The headline earnings per share was calculated in accordance
with the definition in the Institute of Investment Management
and Research (IIMR) Statement of Investment Practice No. 1,
'The Definition of IIMR Headline Earnings'. The headline
earnings per share excluded the gains on the sale of fixed
assets (other than investment securities) and included the
add back of amortised goodwill.
4. Economic profit
In 1999, HSBC enhanced its internal performance measures with
economic profit which takes into account the cost of the
capital invested in the Group by its shareholders. HSBC
prices that cost of capital internally and the difference
between that cost and post-tax profit is the amount of
economic profit generated. Economic profit is used by
management to decide where to allocate resources so that they
will be most productive. HSBC's cost of capital is currently
estimated to be 12.5 per cent.
Economic profit increased by US$658 million, or 103.1 per
cent, compared with 1998 as shown in the table below.
Measurement of economic profit involves a number of
assumptions and, therefore, management believe that the trend
over time is more relevant than the absolute economic profit
reported for a single period.
Figures in US$m 1999 % 1998 %
Average invested capital 37,063 33,086
Annual return on capital 5,929 16.0 4,774 14.4
Cost of capital (4,633) (12.5) (4,136) (12.5)

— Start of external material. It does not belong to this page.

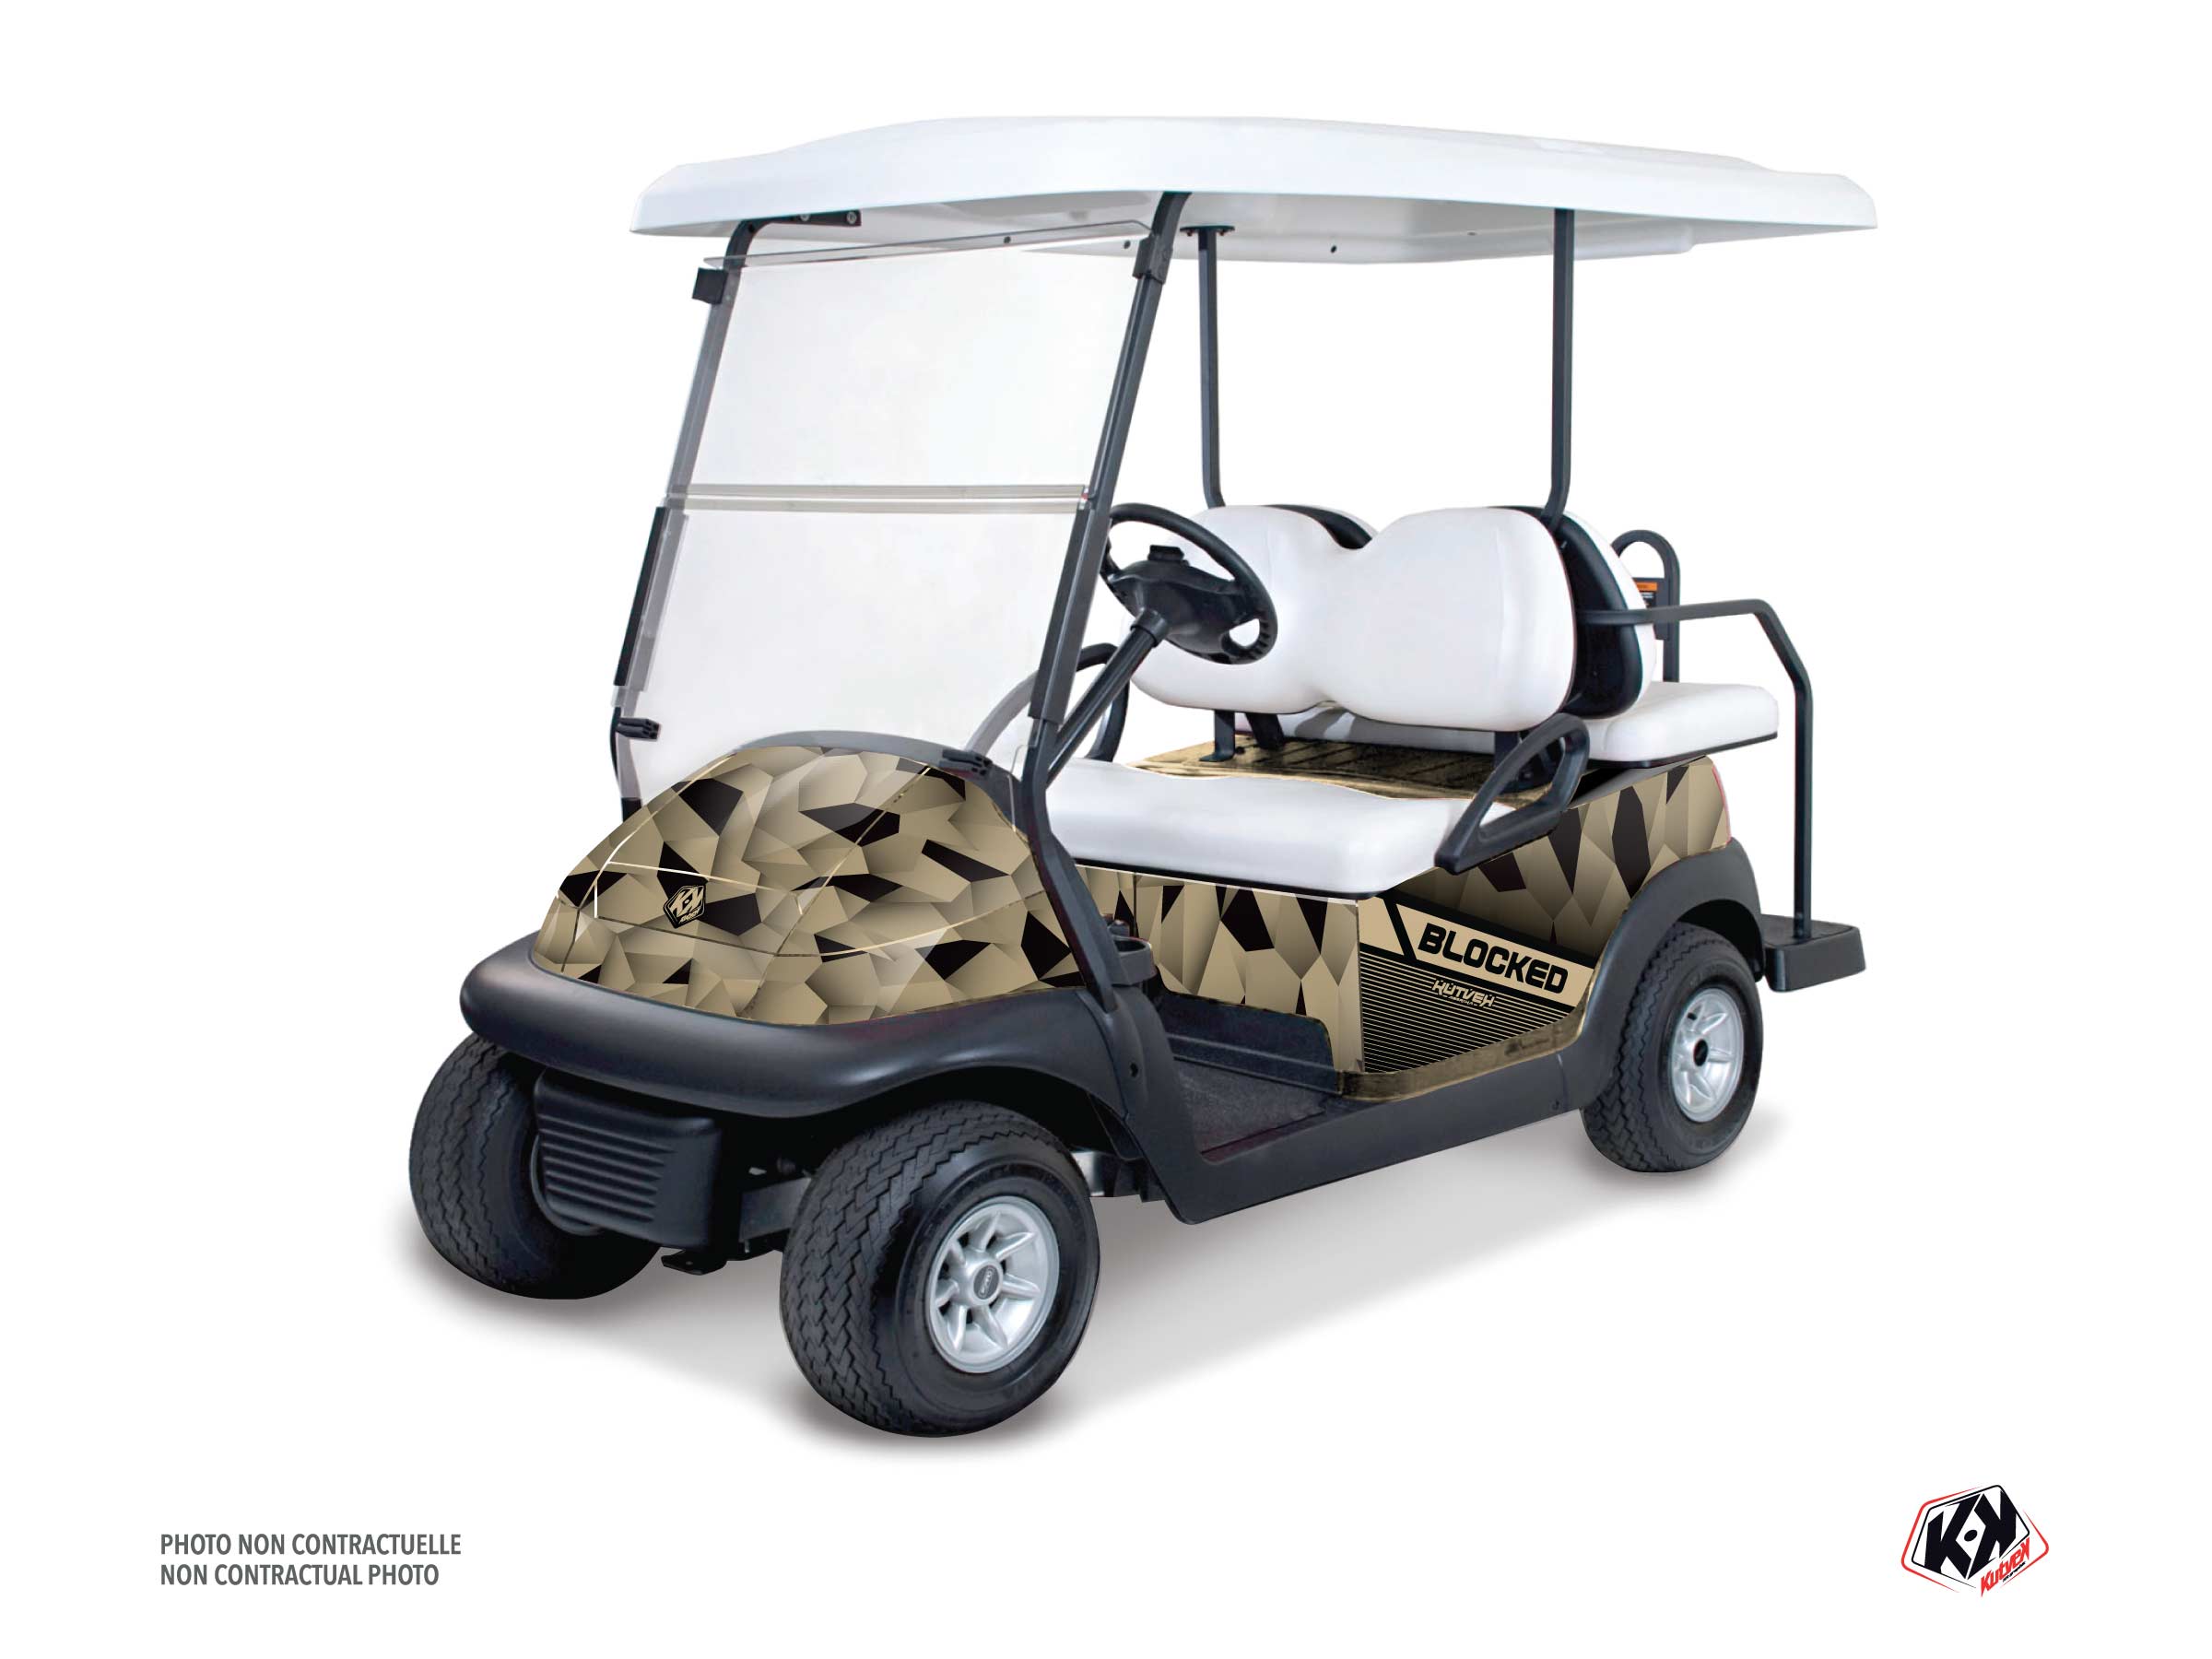 kit déco golf cart club car blocked série

Economic profit 1,296 3.5 638 1.9
^ Annual return on capital represents profit after tax
adjusted for non-equity minority interests, goodwill
amortisation and other non-cash items.
5. Acquisitions
Goodwill on the acquisition of subsidiary and associated
undertakings of US$6,435 million arose during 1999. Of this
amount, US$6,237 million arose on the acquisition of RNYC and
SRH; there may be some adjustment to this goodwill figure
during 2000 arising from the completion of the fair value
appraisal process.
6. Provisions against advances
Year ended 31 December 1999
Suspended
Figures in US$m Specific General Total interest
At 1 January 1999 4,639 2,019 6,658 768
Amounts written off (1,186) - (1,186) (162)
Recoveries of advances
written off in
previous years 165 - 165 -
Charge/(credit) to profit
and loss account 2,120 (47) 2,073 -
Interest suspended during
the year - - - 723
Suspended interest recovered - - - (251)
Exchange and other
movements (22) 332 310 (5)
At 31 December 1999 5,716 2,304 8,020 1,073
Total outstanding provisions
Figures in US$m 1999 1998
Loans and advances to customers:
- specific provisions 5,692 4,608
- general provisions 2,304 2,019
7,996 6,627
Loans and advances to banks:
- specific provisions 24 31
Total provisions 8,020 6,658
Interest in suspense 1,073 768
Provisions against loans and advances to customers
At 31DEC99 At 31DEC98
Total provisions to gross lending^
% %
Specific provisions 2.25 1.93
General provisions
- held against Asian risk 0.11 0.12
- other 0.80 0.72
Total provisions 3.16 2.77
Non-performing loans and advances
Figures in US$m
Banks 40 42
Customers 10,372 8,871
Total non-performing loans and advances 10,412 8,913
Total provisions cover as a percentage of
non-performing loans and advances 77.0% 74.7%
^ Net of suspended interest and reverse
repo transactions
7. Gains on disposal of investments
Figures in US$m 1999 1998
Gains/(losses) on disposal of:
- investment securities 439 210
- part of a business 10 -
- associates 3 3
- subsidiaries (2) 9
450 222
HSBC Private Equity Europe recorded a US$114 million profit
from venture capital investment disposals (1998: US$95
million). The investment bank in Asia recorded profits of
US$205 million on the partial disposal of an investment.